The 10G network has been used for testing and we've been gathering performance numbers. We're ready to enable jumbo frames but I don't see a /kernel/drv/myri10ge.conf file in which to make the changes. Anyone know why the file might be missing? I don't see it on any of the OI boxes I've checked.

Can anyone recommend network tuning parameters that we should consider using for a NAS box serving as an ISCSI target with dual 10g interfaces for 25 ESX servers (1G Interfaces)?

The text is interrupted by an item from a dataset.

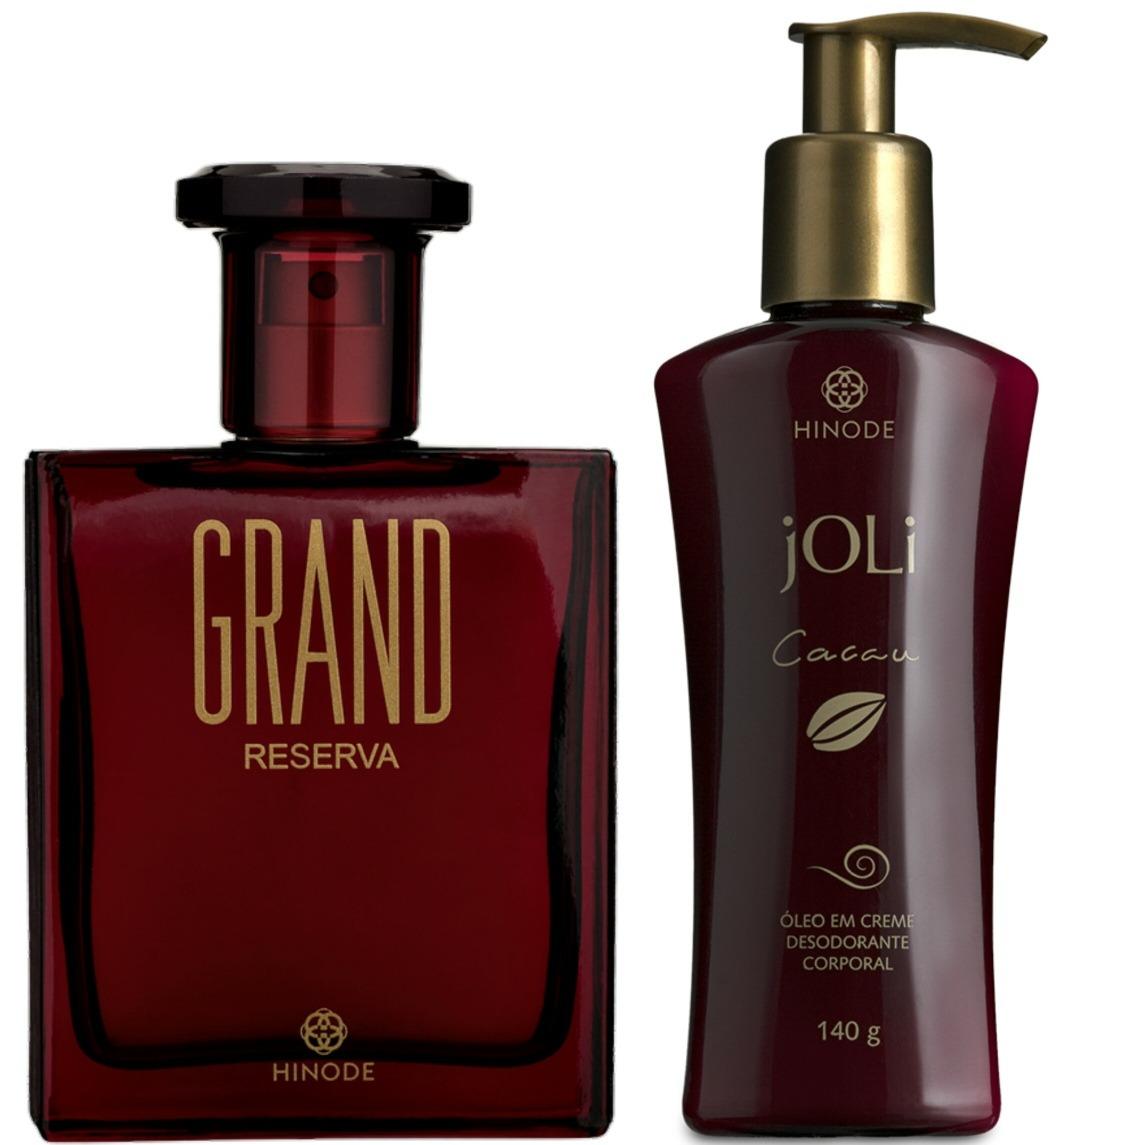 0ba2f9b95 Perfume Grand Reseva + Óleo Em Creme Corporal Cacau - R  184

Myricom has several recommendations:
/etc/system:
set ddi_msix_alloc_limit=8
set pcplusmp:apic_multi_msi_max=8
set pcplusmp:apic_msix_max=8
set pcplusmp:apic_intr_policy=1

/etc/kernel/myri10ge.conf:
myri10ge_bigbufs_initial=4096;
myri10ge_bigbufs_max=32768;

Might be helpful:
myri10ge_lro=1;
myri10ge_lro_max_aggr=2;

For Low Latency:
myri10ge_use_msix=0;
myri10ge_intr_coal_delay=0;

Any opinions on:
myri10ge_max_slices=1;

There are 20-odd ESX servers accessing this host at the same time- would additional slices be useful?

Is there any consensus on whether a low latency or high bandwidth configuration would be more useful for this sort of environment?

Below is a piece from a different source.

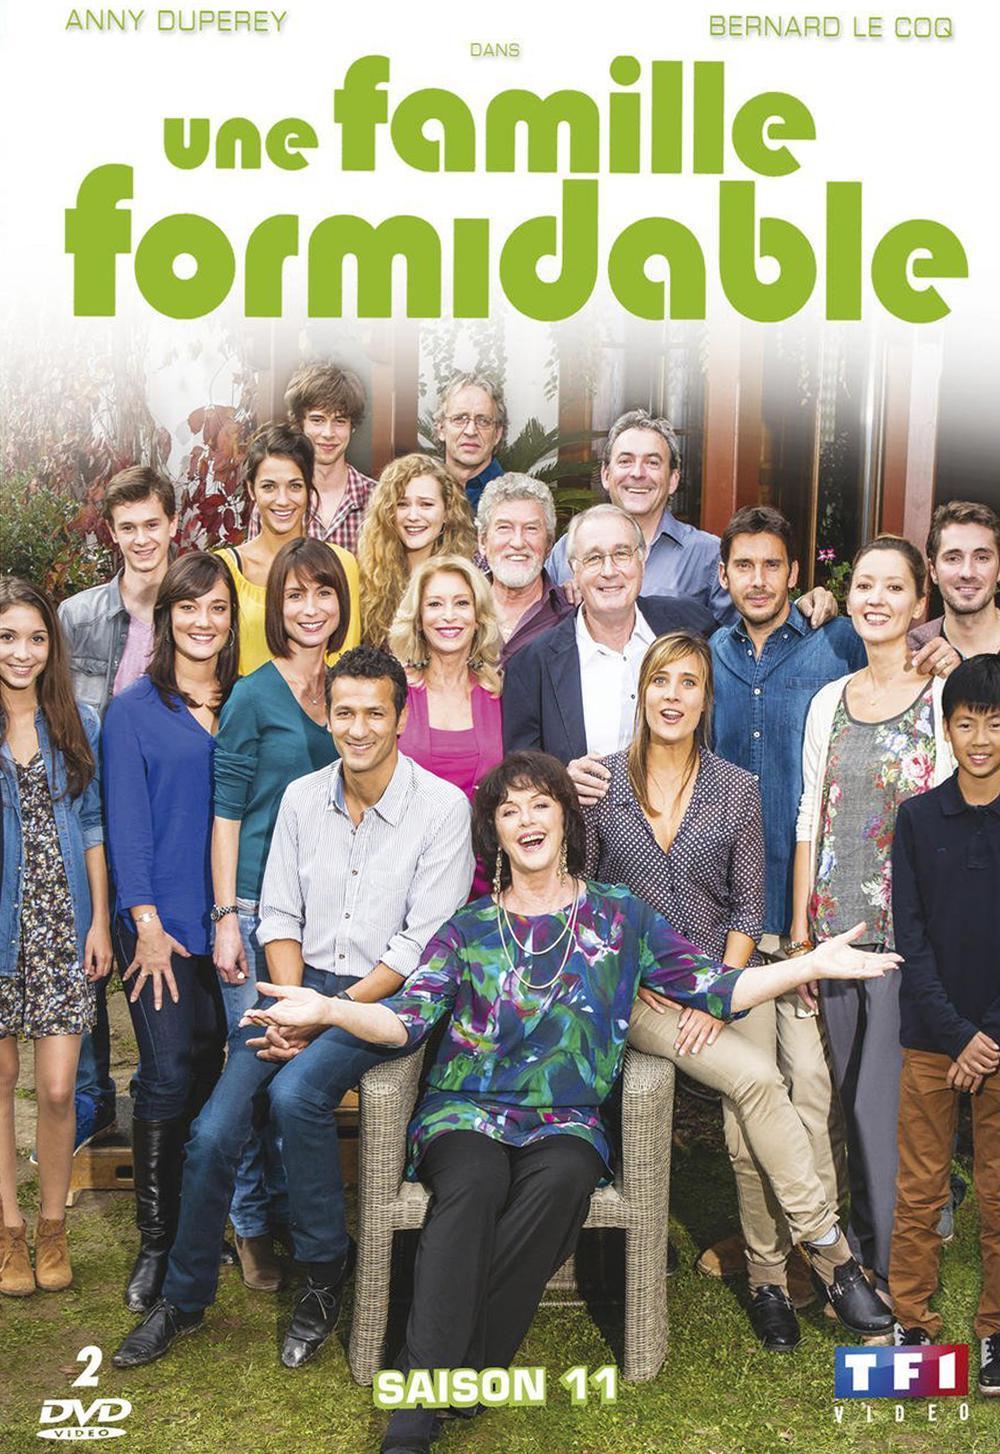 Un Famille Formidable - Saison 11

Any guidance would be appreciated.

Thanks in advance,
-Don
--
This message posted from opensolaris.org
Andrew Gallatin
2011-04-22 11:37:02 UTC
Permalink
I'm the original author. I just answered most of your
questions on your help ticket, but it may be a while before
our support team passes my reply on.
Post by Don
I have several OpenIndiana b147 boxes serving as a NAS heads with a dual port Myricom 10G NIC in each head.
The 10G network has been used for testing and we've been gathering performance numbers. We're ready to enable jumbo frames but I don't see a /kernel/drv/myri10ge.conf file in which to make the changes. Anyone know why the file might be missing? I don't see it on any of the OI boxes I've checked.
The syntax is as you guessed:

myri10ge_mtu_override=9000;
Post by Don
Can anyone recommend network tuning parameters that we should consider using for a NAS box serving as an ISCSI target with dual 10g interfaces for 25 ESX servers (1G Interfaces)?
set ddi_msix_alloc_limit=8
set pcplusmp:apic_multi_msi_max=8
set pcplusmp:apic_msix_max=8
set pcplusmp:apic_intr_policy=1
I believe those last 3 (pcplusmp*) are no longer required
in this version of opensolaris, but they should check the
web to confirm. See http://www.solarisinternals.com/wiki/index.php/Networks
Post by Don
myri10ge_bigbufs_initial=4096;
myri10ge_bigbufs_max=32768;
myri10ge_lro=1;
myri10ge_lro_max_aggr=2;
I think b147 has fixed the 2 mblk chain limit that forces packets
through a slow path in TCP, so you can probably increase that to
8.

Note that you can play with this at runtime via ndd.
Post by Don
myri10ge_use_msix=0;
myri10ge_intr_coal_delay=0;
myri10ge_max_slices=1;
There are 20-odd ESX servers accessing this host at the same time- would additional slices be useful?
Yes. The purpose of the above (ddi_msix_alloc_limit=8) is to allow the
driver to allocate up to 8 MSI-X vectors, for 8 slices (tx/rx queue
pairs). Some of these proposed settings (myri10ge_use_msix=0;
myri10ge_max_slices=1;) disable multiple slices, and negate the
ddi_msix_alloc_limit tuning. So do one or the other, but not both :)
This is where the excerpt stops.